TASK STATEMENT — A word-for-word copy of the records is needed, with every picture left out.

DATA TO USE —

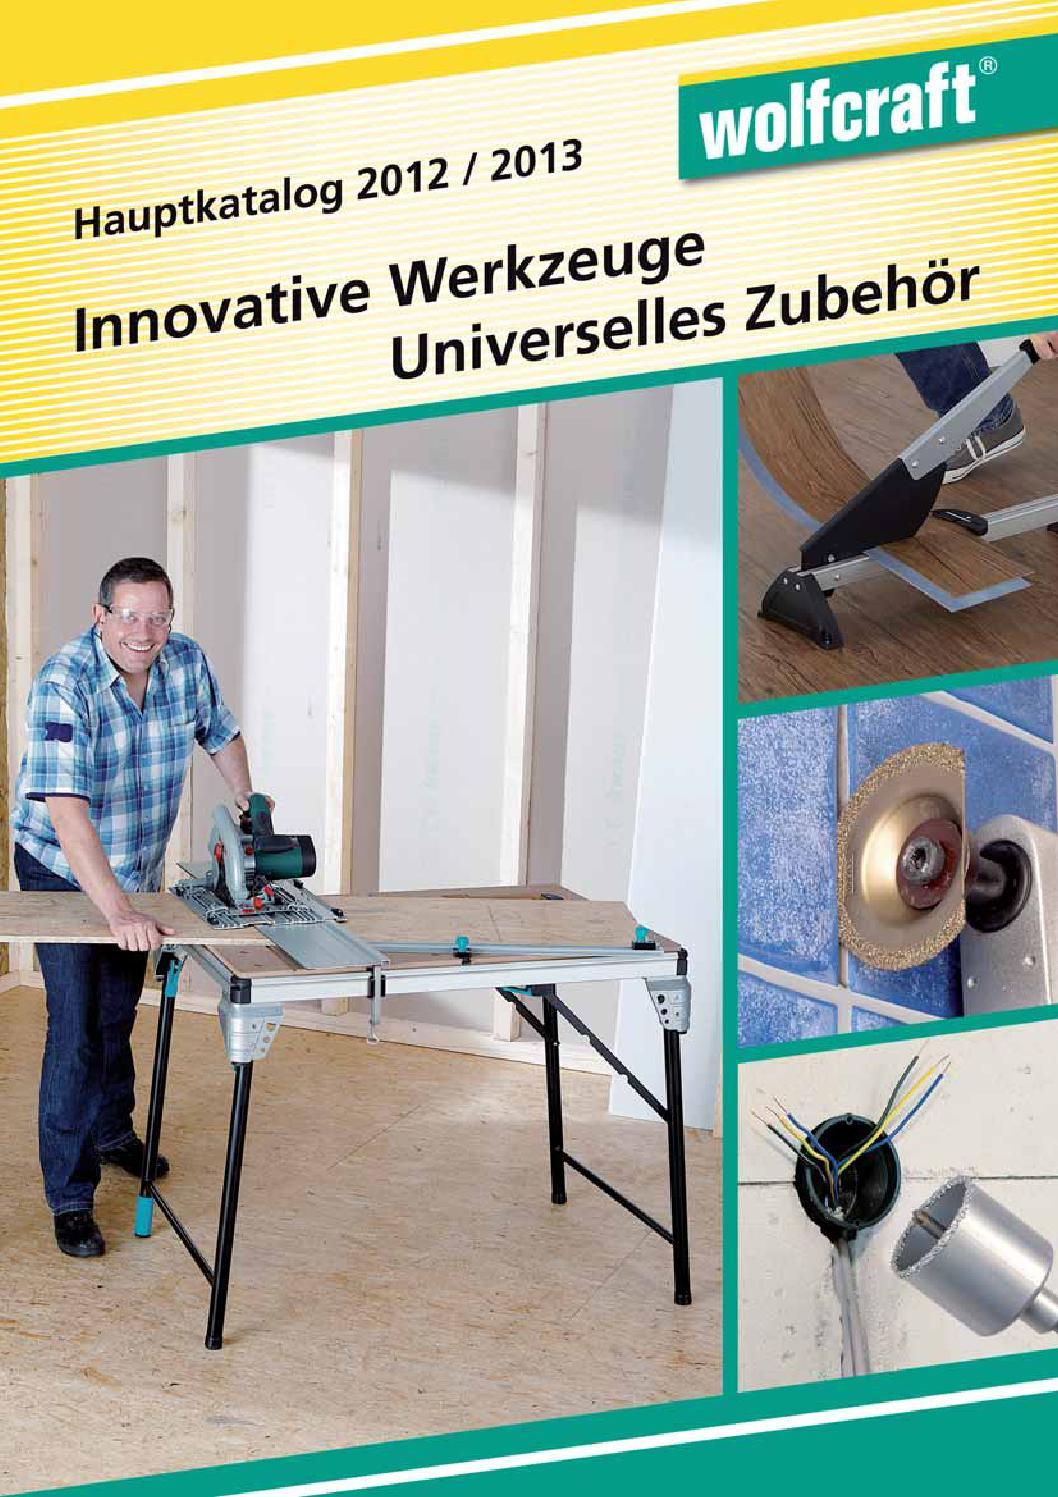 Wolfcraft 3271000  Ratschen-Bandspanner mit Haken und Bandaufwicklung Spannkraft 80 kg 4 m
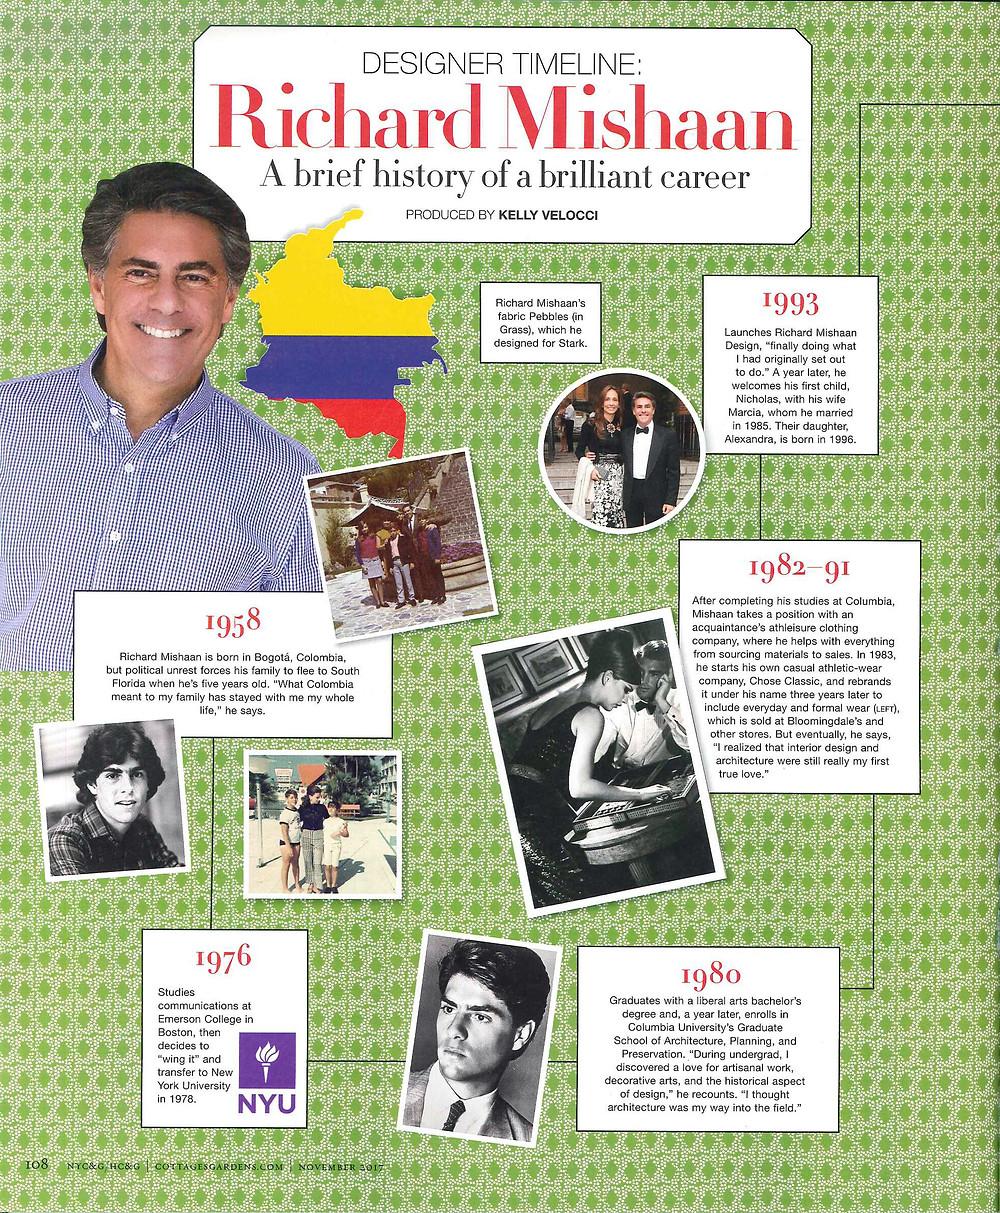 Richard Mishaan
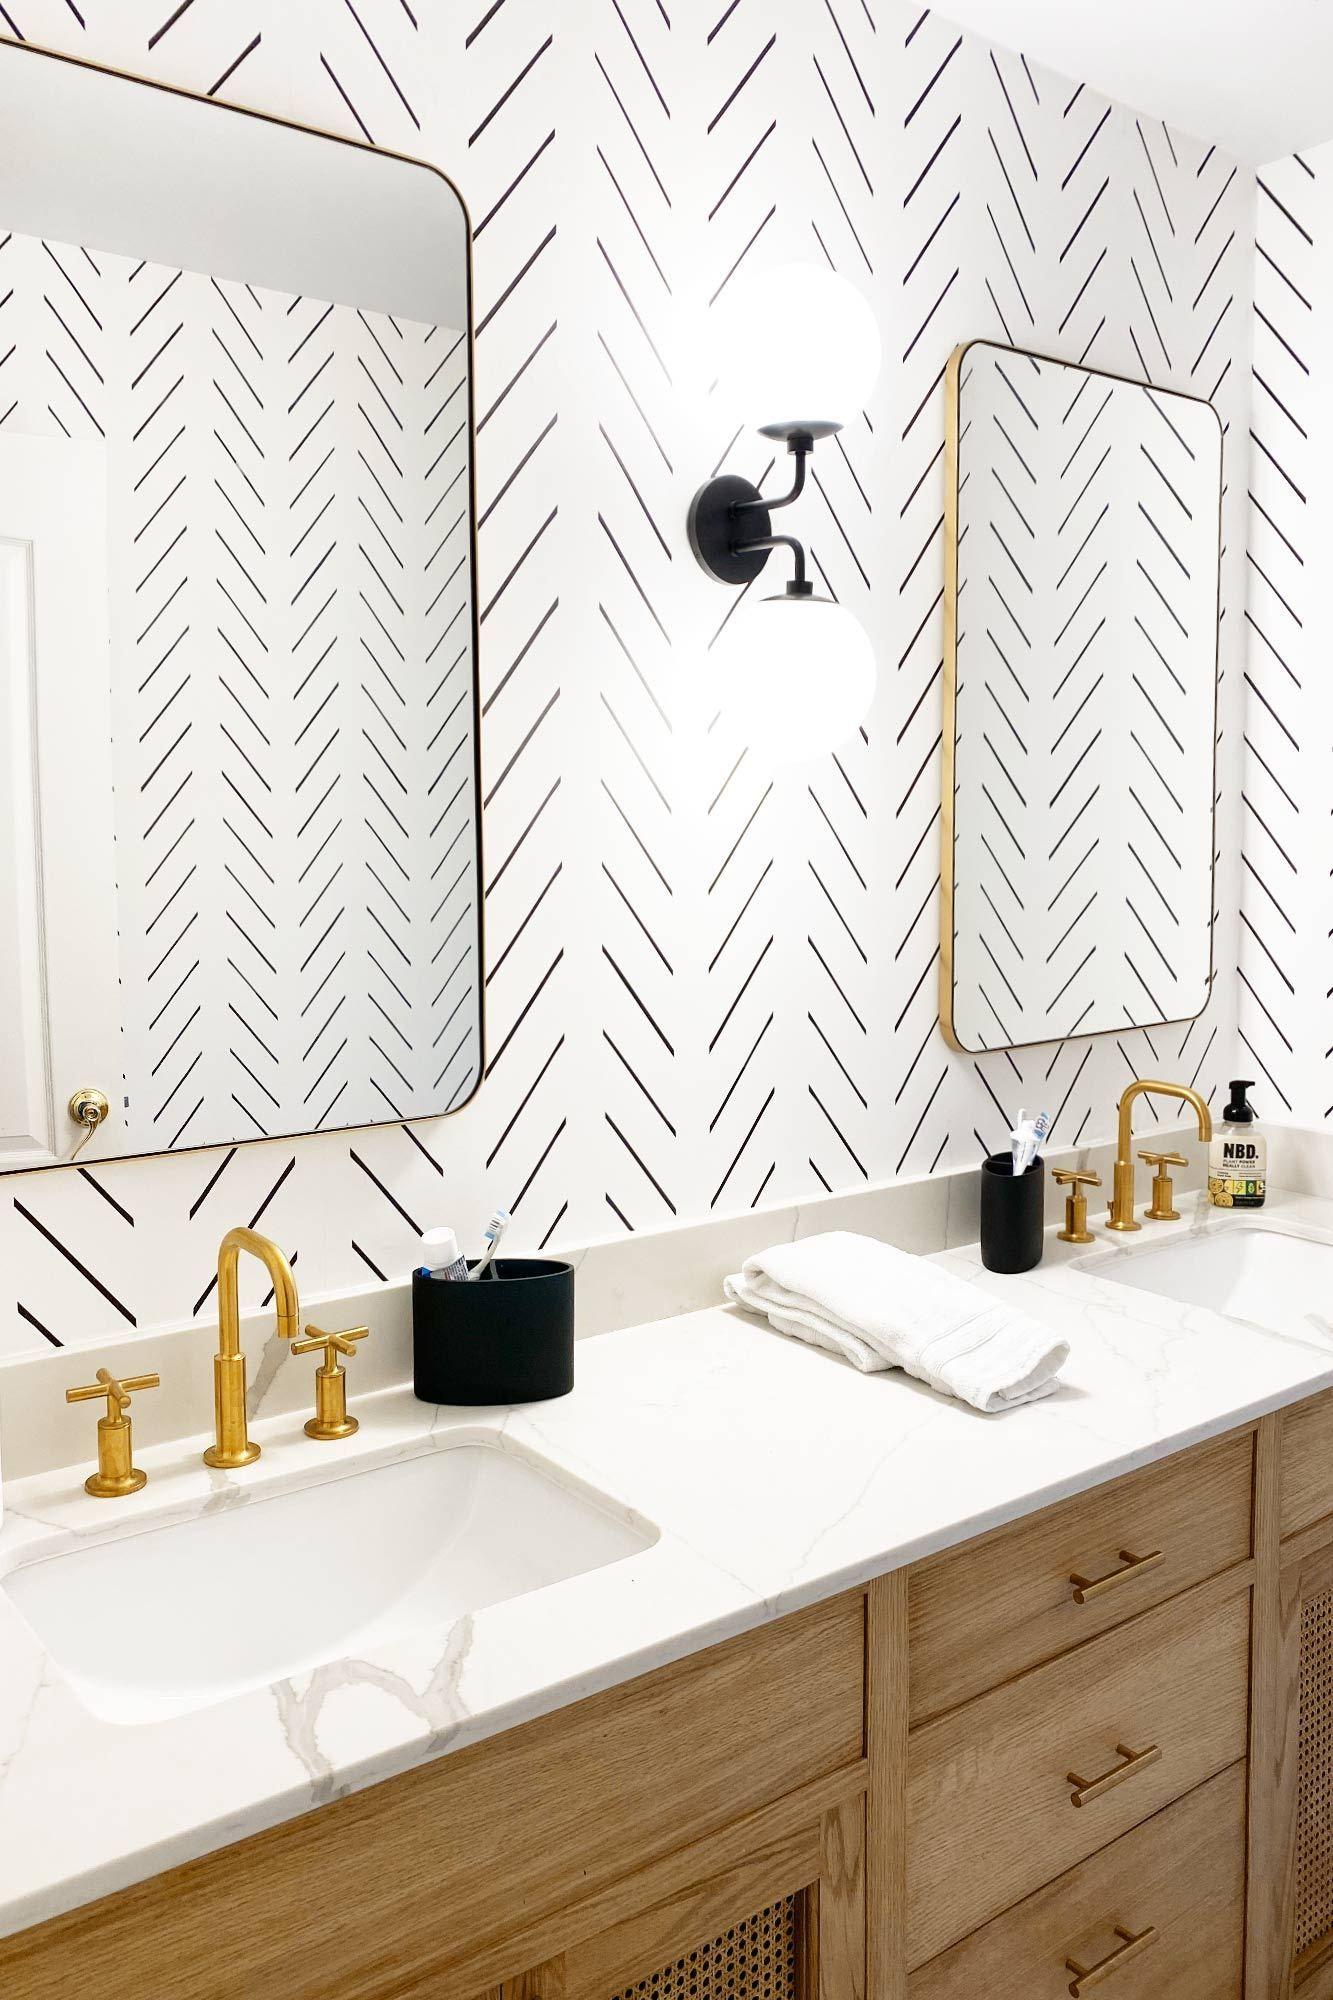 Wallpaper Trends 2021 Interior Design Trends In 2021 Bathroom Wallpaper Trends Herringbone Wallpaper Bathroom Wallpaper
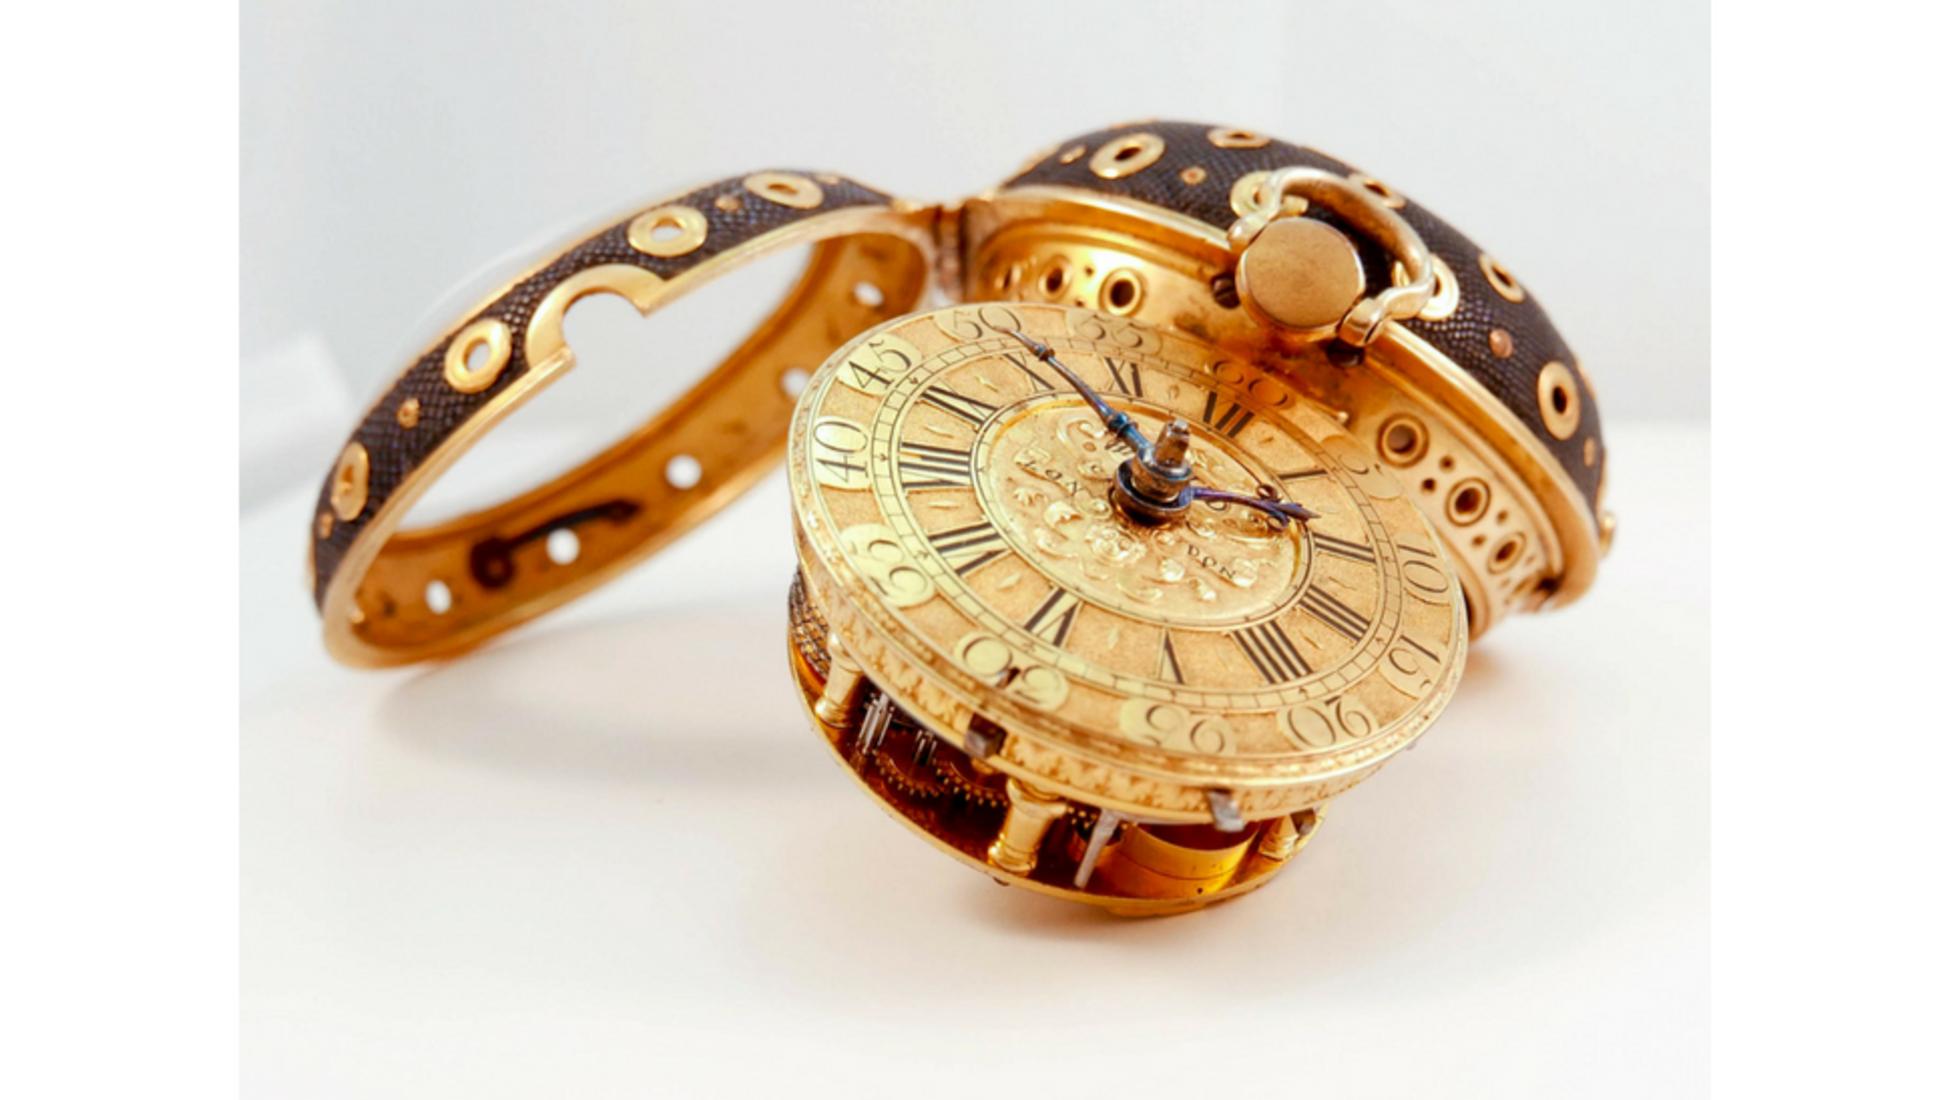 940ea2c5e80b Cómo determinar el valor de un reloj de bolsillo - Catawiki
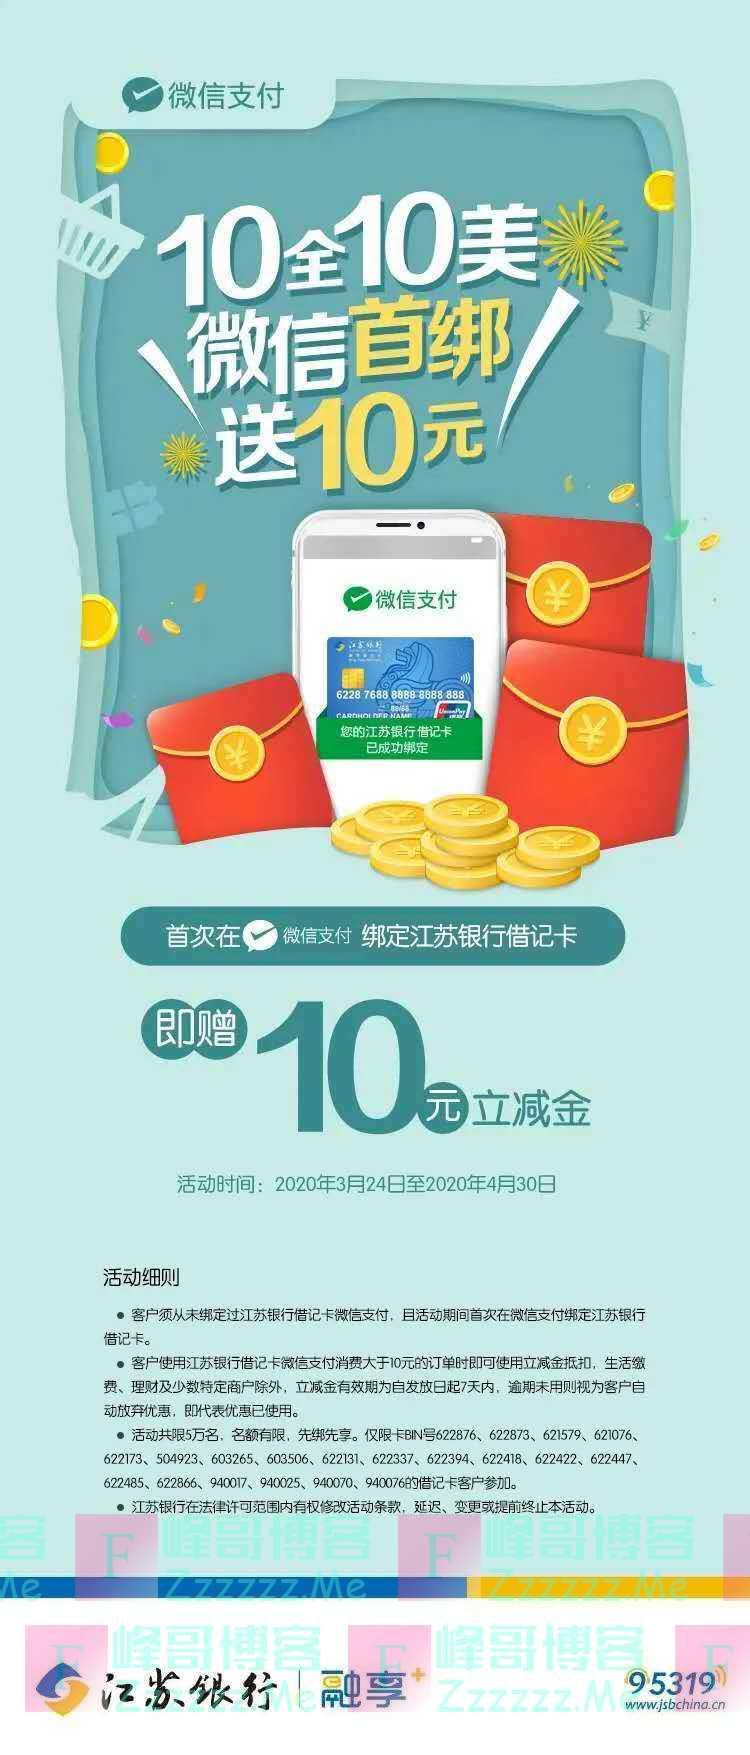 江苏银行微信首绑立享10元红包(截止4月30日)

TASK RESULT —
 Wolfcraft 3271000  Ratschen-Bandspanner mit Haken und Bandaufwicklung Spannkraft 80 kg 4 m
 Richard Mishaan
 Wallpaper Trends 2021 Interior Design Trends In 2021 Bathroom Wallpaper Trends Herringbone Wallpaper Bathroom Wallpaper
 940ea2c5e80b Cómo determinar el valor de un reloj de bolsillo - Catawiki
 江苏银行微信首绑立享10元红包(截止4月30日)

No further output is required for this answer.